先日、SNSで話題になった、ボタンもファスナーもない完全無縫製のコインケースがある。

まるで折り紙のようなルックスの逸品は片手で簡単に開けられるだけでなく、手を離すと生き物のように自然と口を閉じてくれる。

ファスナーがなくて本当に大丈夫?と思うかもしれないが、小銭が飛びだしたりこぼれることもないという。

そんな、革素材のコインケース「Lecrest」を手がけたのは有限会社セメントプロデュースデザインの代表でクリエイティブディレクターの金谷勉さん。

なぜこのコインケースが今、多くの人の心を捉え、魅了しているのか?

そこには、日本の伝統技術が最先端デザインと優れたアイデアによって新たな光を放ち、その先の未来へと歴史を紡いでいく、そんな物語が秘められていた。

(クリエイティブディレクター 金谷勉さん)

――「片手でひらける革コインケース」を作った経緯を教えてください

「日本の伝統的な折り紙技法「花紋折り」を考案したと言われる折り紙作家・内山光弘さんの存在を知り、興味を抱いたのが始まりです。もともとは折り紙の技法なんですが、その花紋折りを現代に継承している『HOW TO WRAP_』さんの作品に出会い、この技法を革でも表現ができないかなと思ったんです」

内山氏が考案した「花紋折り」とは、正方形や正多角形の紙を中心に交差させながら重ねて折り込むことで、美しい花のような幾何学模様が生まれる創作折り紙の一つ。
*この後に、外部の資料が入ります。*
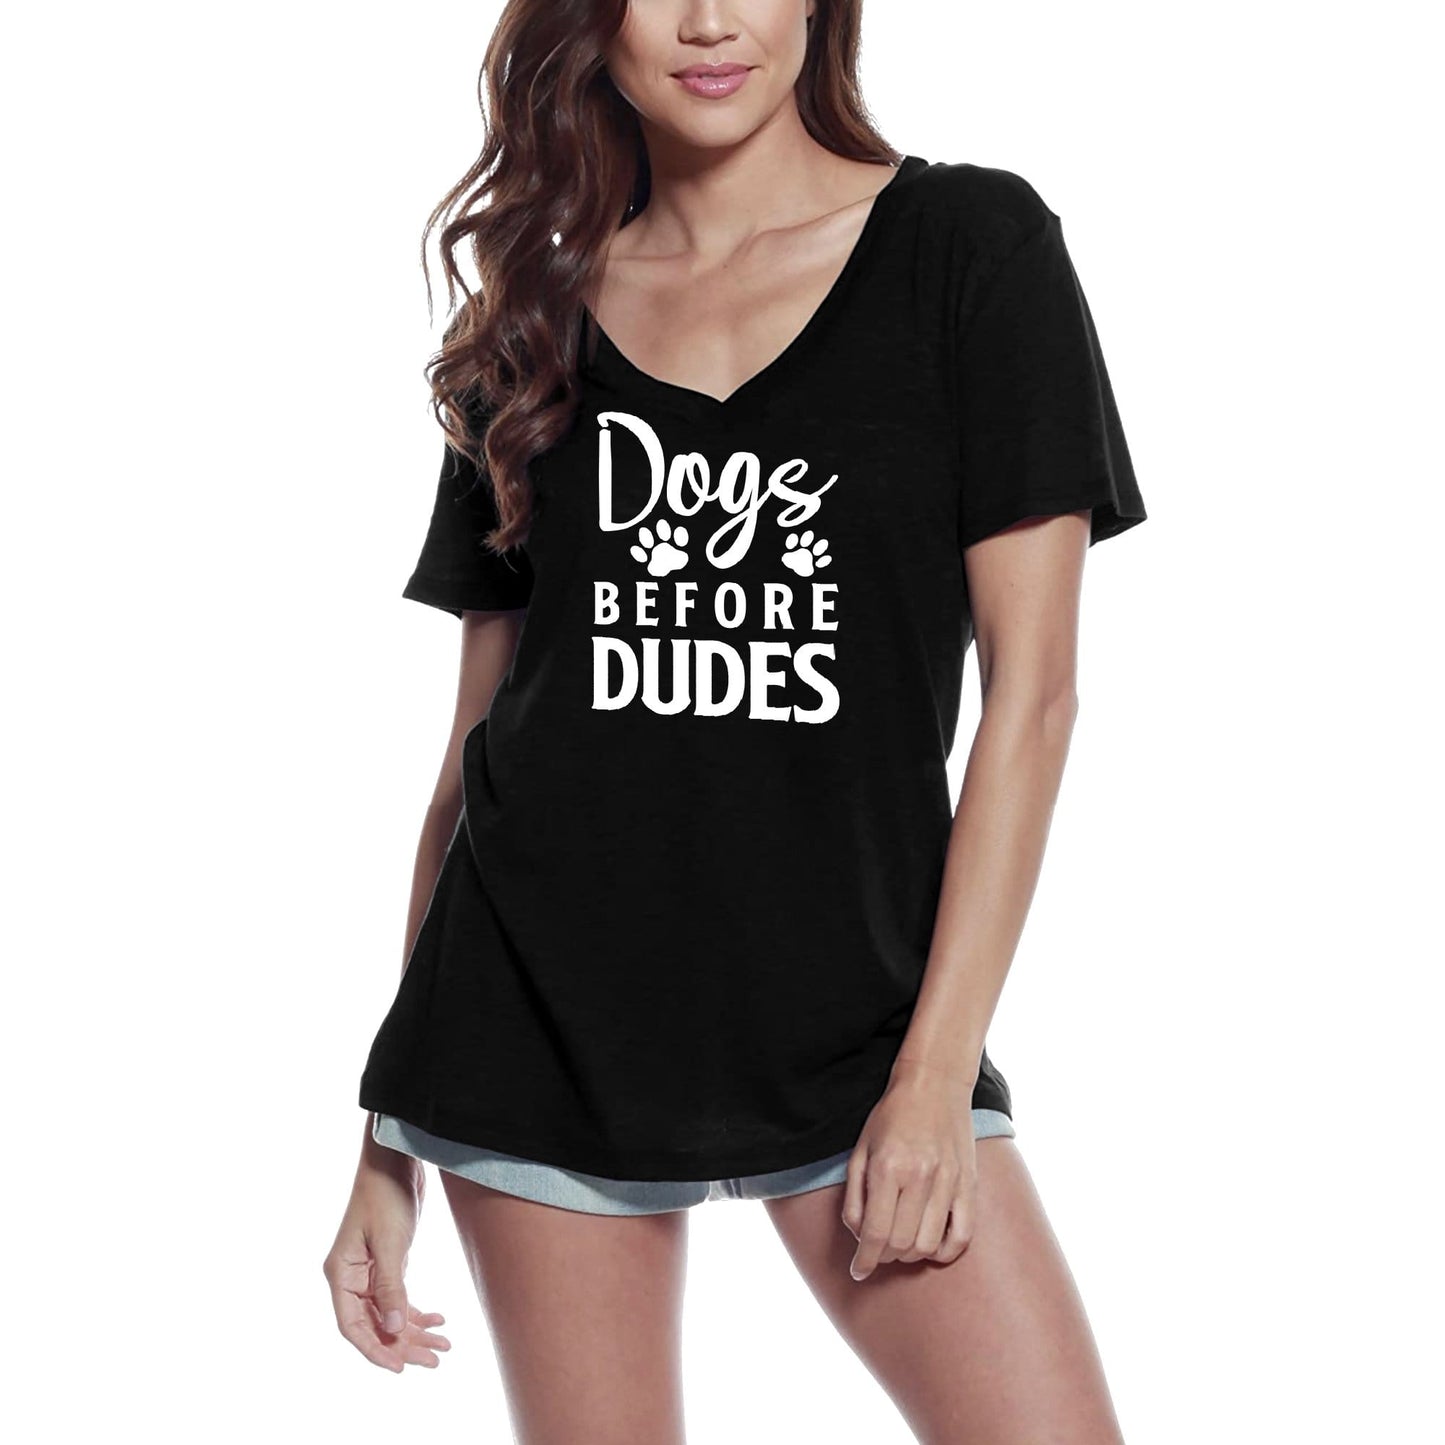 ULTRABASIC Women's T-Shirt Dogs Before Dudes - Funny Short Sleeve Tee Shirt Tops

そんな日本が誇る美しい技術を、新しい包装の形を提案するブランド「HOW TO WRAP_」が現代に伝えている。

ただ、「花紋折り」は折り紙の技法だ。

紙を用いたアイテムなら容易かもしれないが、革の素材でそんなことが可能なのか?

無謀を可能にしたのが、職人伝統の技だった。

「花紋折りを知ったあと、各地で出会った職人たちに表現できないかと相談していましたが、なかなか難しい返事しか無かったんです。そんなある日、100年前から野球グローブの産地としても名高い奈良県三宅町の森川町長から連絡をいただきました」

「町長からの依頼は地元職人とのコミュニティワークショップ。そこで出会った革素材と技術にとても感銘を受け、現地の若手職人に相談したことが『片手でひらけるコインケース』の第一歩となったんです」

しかし、そこから次の一歩を踏み出すまでが困難だった。

「そもそも革製品を製造している現場では無縫製の規格を作るのは難しいようで、構想から職人を見つけてやってくれるまで5年かかりました。日本の革加工は縫製がメイン技術なので受けてくれる職人がいなかったんですよね」

金谷氏の思いを受け入れてくれたのは、奈良県三宅町の野球グローブ製造メーカー・株式会社LINKS。

創業100年を誇り、職人が手作業でグローブを丁寧に仕上げる老舗。極限まで薄く革を漉き、精密に折り込む技術を持つ職人たちが革による花紋折りを実現した。

「野球グローブを作る際に各パーツの厚みを調整する「革漉き」の技術がコインケースには活かされています。表側の革と内側の革の厚みを絶妙に調整するという職人さんたちの匠の技によって、片手で簡単にひらき、自然と閉じる表現が実現したんです」

こうして生まれた屈指のコインケースは、「まさに天衣無縫 」「魔法の財布だ」とSNSで賞賛され、瞬く間に話題となった。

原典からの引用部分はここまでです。